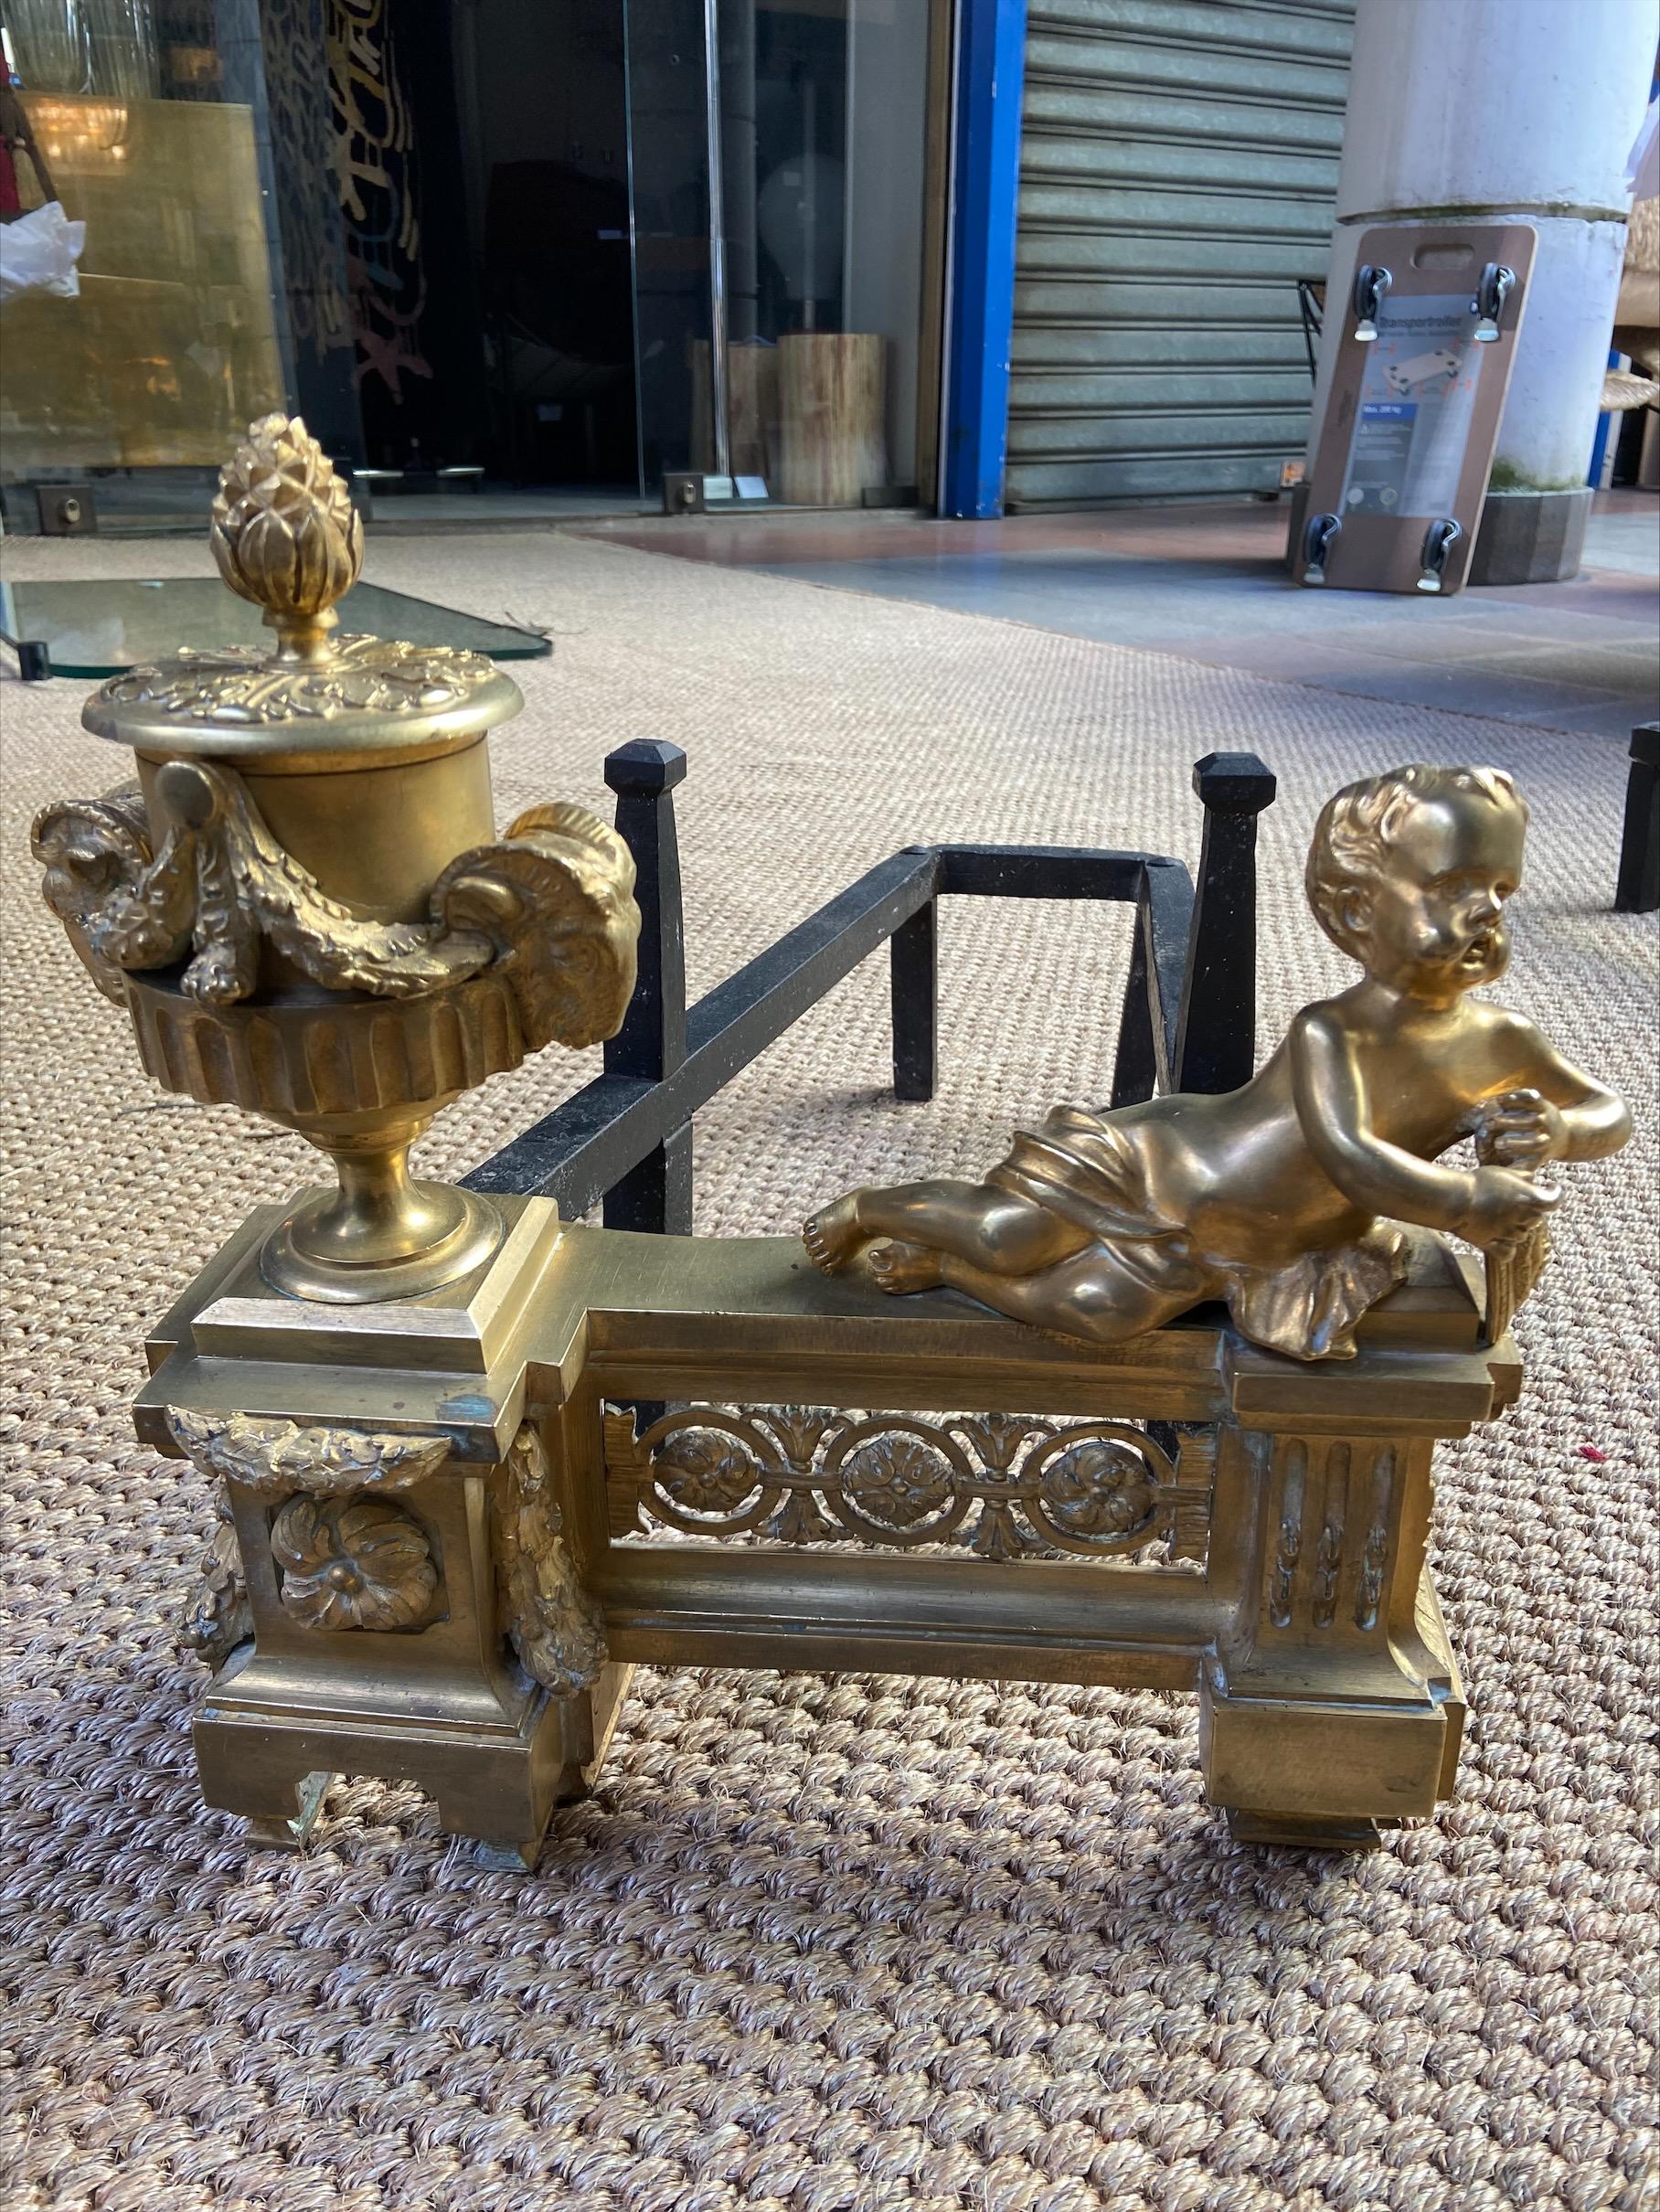 Pair of andirons
Gilt bronze and wrought iron

Measures: H 33 x W 32x D 56 cm

Late 18th century

An andiron is a fireplace accessory. It is a piece of wood or metal often placed in pairs in a fireplace or hearth and used to support the logs, so

-------------------------

Aim of the exercise: Exactly reproduce each record, leaving out any pictures.

Reply to the exercise:
 Pair of andirons
Gilt bronze and wrought iron

Measures: H 33 x W 32x D 56 cm

Late 18th century

An andiron is a fireplace accessory. It is a piece of wood or metal often placed in pairs in a fireplace or hearth and used to support the logs, so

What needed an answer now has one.